High Performance Linpack
Christian Külker
version 0.1.1
2022-06-18
High Performance Linpack Benchmark

The High Performance Linpack (HPL) is the major benchmark to measure the performance of super computers. As there are different hardware architectures, different optimized version of the benchmark exist.

Running HPL is at least a 6 dimensional problem, where the 6 major dimensions are:

  1. Architecture
  2. Message Passing Interface (MPI) Library
  3. Linear Algebra (LA) Library
  4. Compiler/ Linker
  5. HPL
  6. Benchmark Problem Size

Unfortunately this 6 dimensions are only partly dependent to each other, some are not. For example depends the problem size on the hardware size (nodes, memory, cores) but usually not on the HPL version.

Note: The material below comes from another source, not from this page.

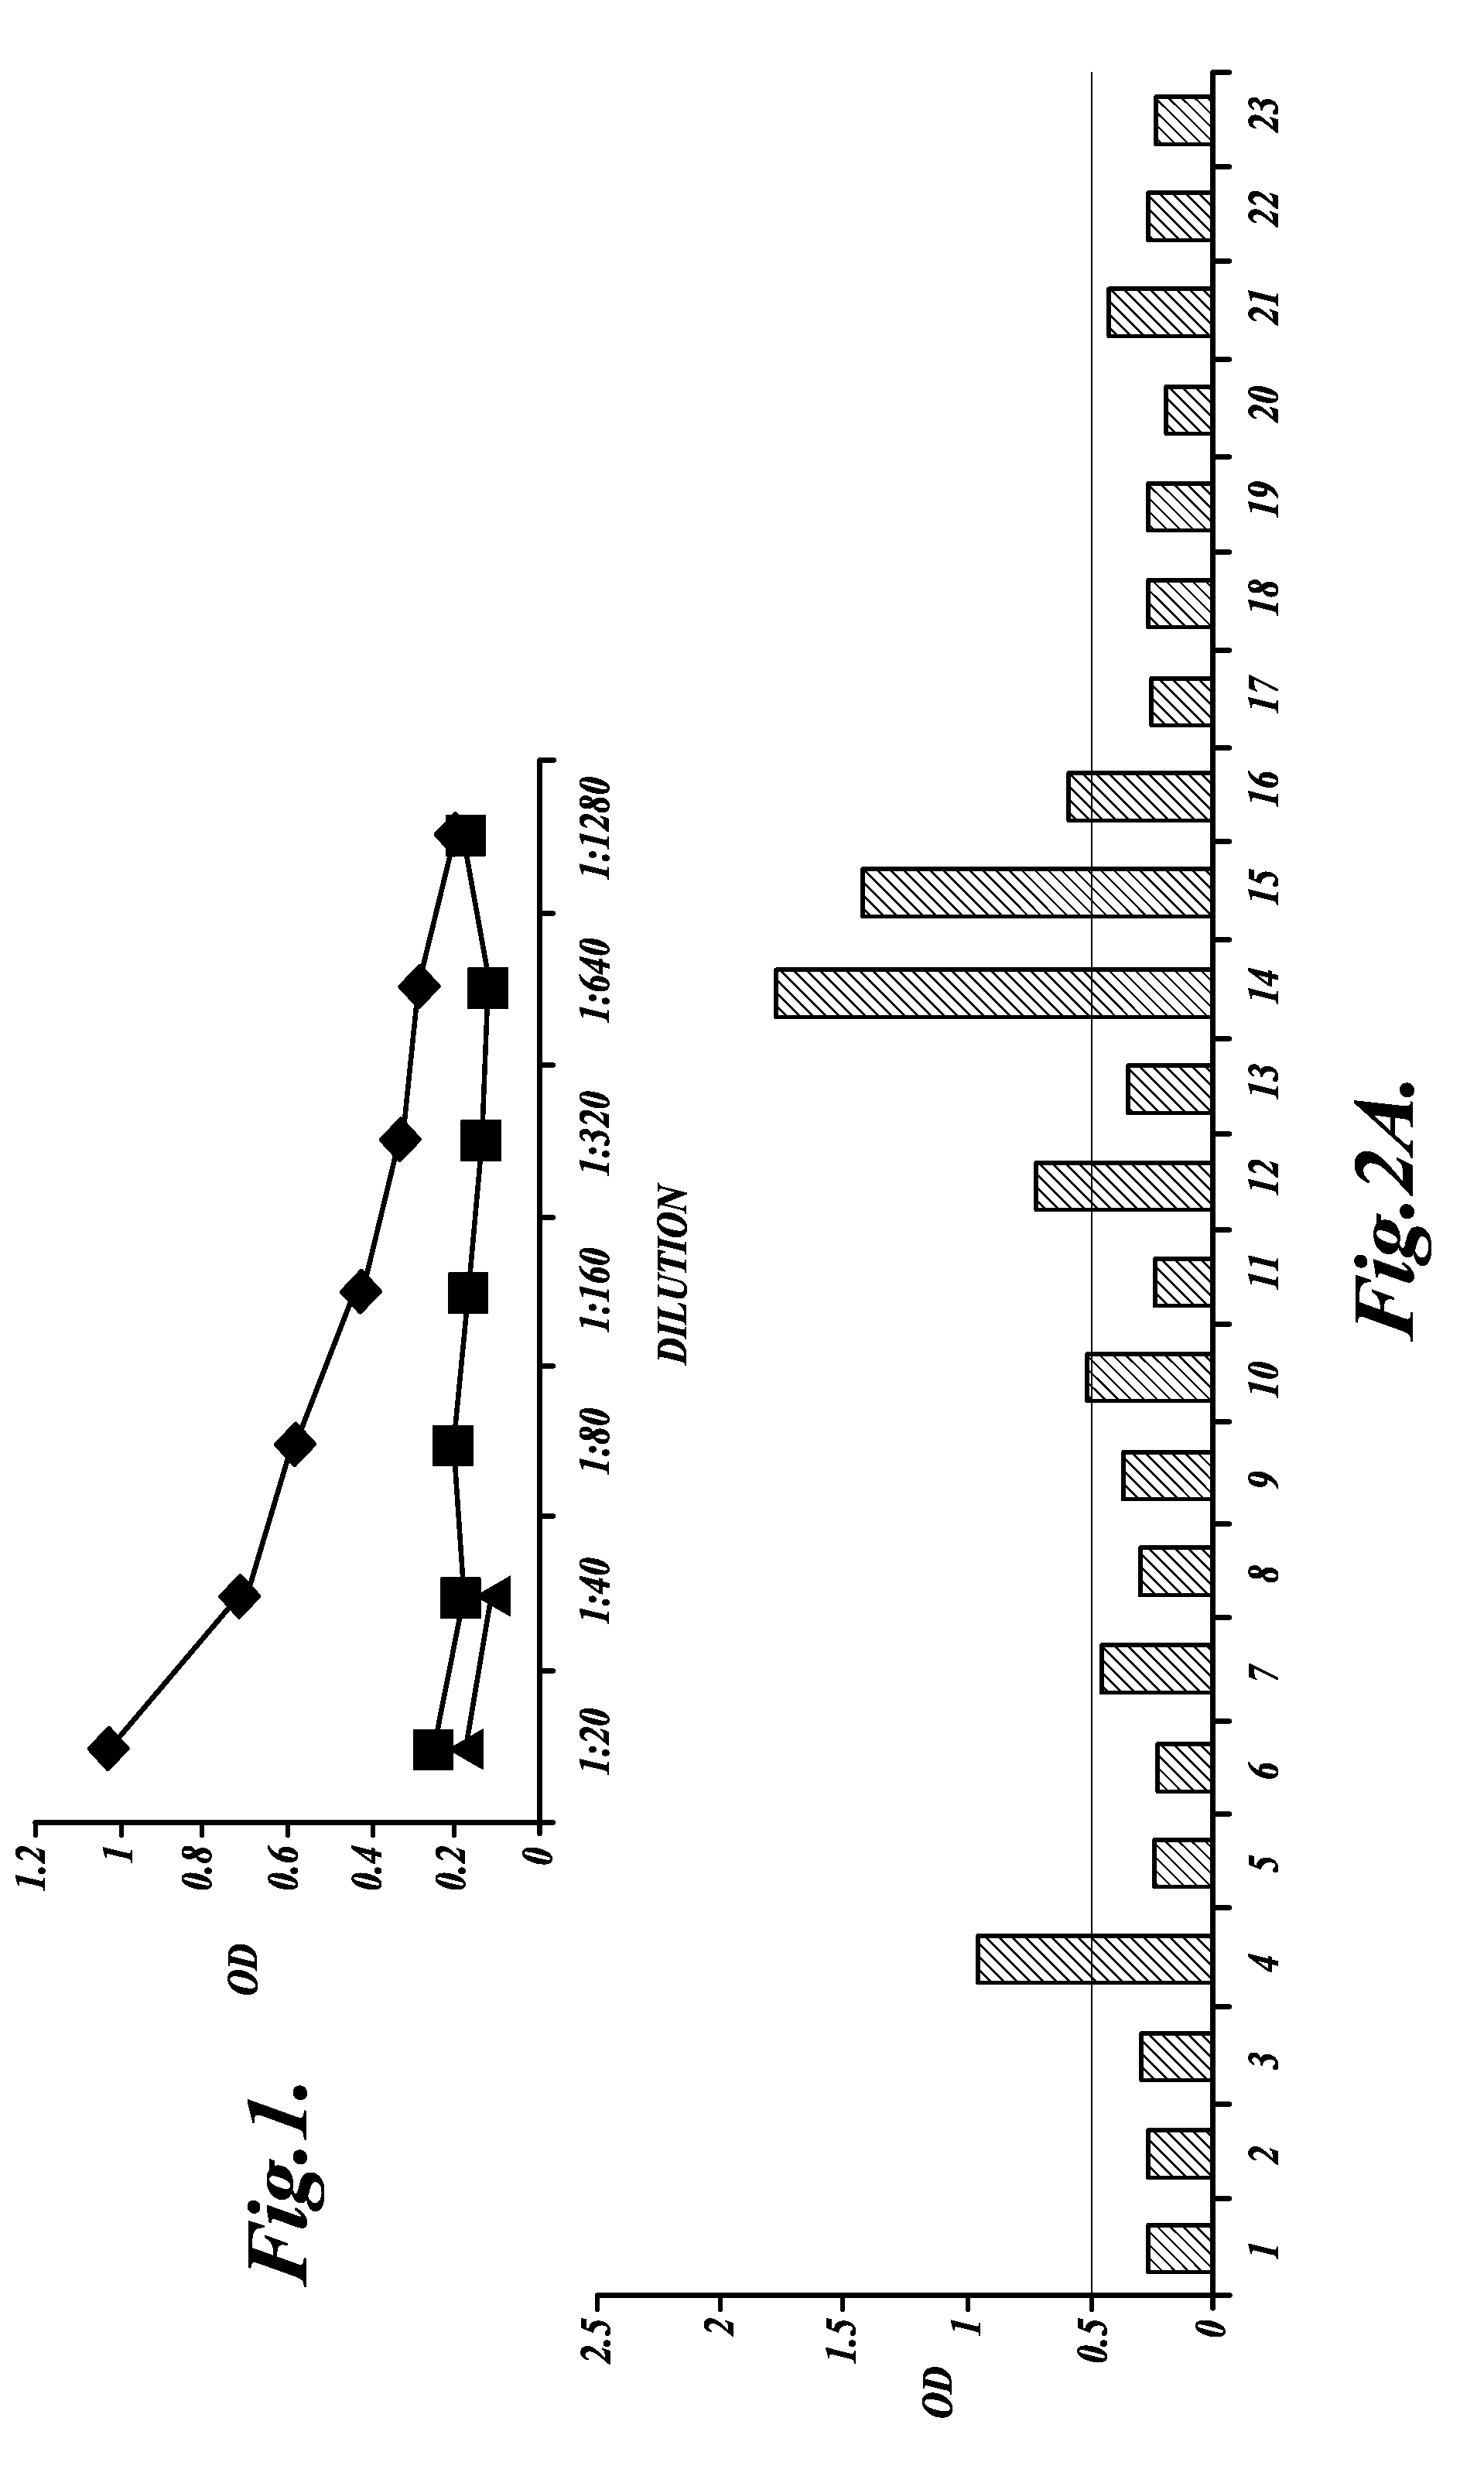 Methods for diagnosis and/or prognosis of ovarian cancer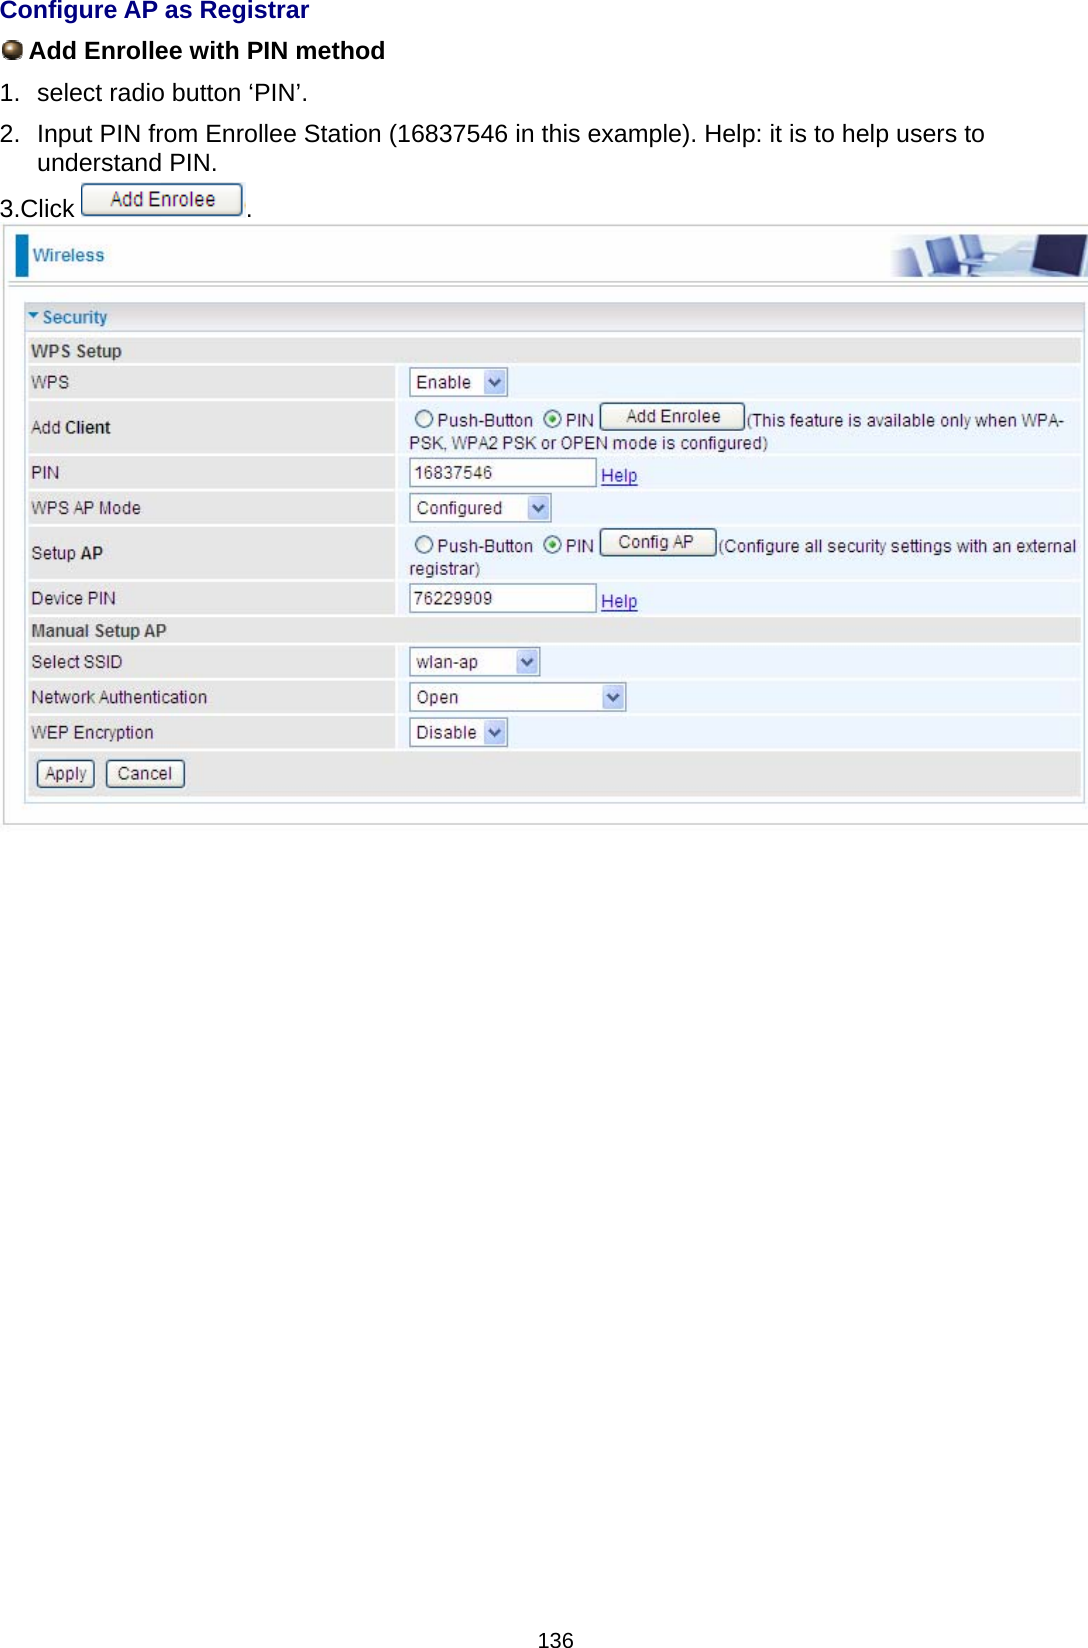  136 Configure AP as Registrar  Add Enrollee with PIN method  1.  select radio button ‘PIN’. 2.  Input PIN from Enrollee Station (16837546 in this example). Help: it is to help users to understand PIN. 3.Click  .

While the xhpl binary depends on the HPL version, MPI, LA and the compiler/linker, but not on the hardware memory size (unless optimized). The problem size configuration (HPL.dat) is not dependent on the MPI or vice versa. Therefore a strictly hierarchical directory structure to run HPL seems not possible. The following diagram shows roughly the dependencies in round brackets and is the proposed directory structure of described linpack runs. This is as for the Raspberry Pi (rpi) (for educational purpose).

opt
  hpc
     src
       hpl-2.3.tar.gz
     bin
       run-create
     rpi [=arch] <dim0>
       mpi [=sw:mpi] <dim1>
         openipmi (arch) -> deb
         mpich (arch) <- tar
       la [=sw:la] <dim2>
         openblas-pthread (arch) -> deb
         atlas (arch) <- tar
       compiler/linker <dim3>
          c
          c++
          f77
       cfg <dim4>
         1n [=infrastructure[=inf]:node]
           8gb [=hw:mem]
             4c [=hw:core]
               1 (arch,inf,mem,core)
                 HPL.dat (arch,inf,mem,core)
       openmpi
         openblas-pthread
           hpl (arch,mpi,la(blas|openblas|atlas) [=sw:bm] <dim5>
             2.3 [=sw:bm:ver])
               bld
                 Make.rpi (arch,mpi,la,compiler)
                 bin/rpi/xhpl (arch,mpi,la,compiler,sw:bm:ver)
               run
                 1  (arch,mpi,la,compiler,inf,mem,core)
                   run
                   xhpl     (arch.mpi,la,compiler)
                   HPL.dat  (arch,inf,mem,core)
                   Make.rpi (arch,mpi,la,compiler)

HPL 2.3 On Raspberry Pi

Preparation

As root

mkdir -p /opt/hpc/hpl/src
mkdir -p /opt/hpc/hpl/2.3/openmpi/openblas-pthread/r/
chown -R $USER.$USER /opt/hpc/

As user $USER:

cd /opt/hpc/hpl/src
wget http://www.netlib.org/benchmark/hpl/hpl-2.3.tar.gz

Openmpi & Openblas-pthread

aptitude install openmpi-bin libopenblas-dev openmpi-common libopenmpi-dev \

This will install mostly to /usr/lib/aarch64-linux-gnu/.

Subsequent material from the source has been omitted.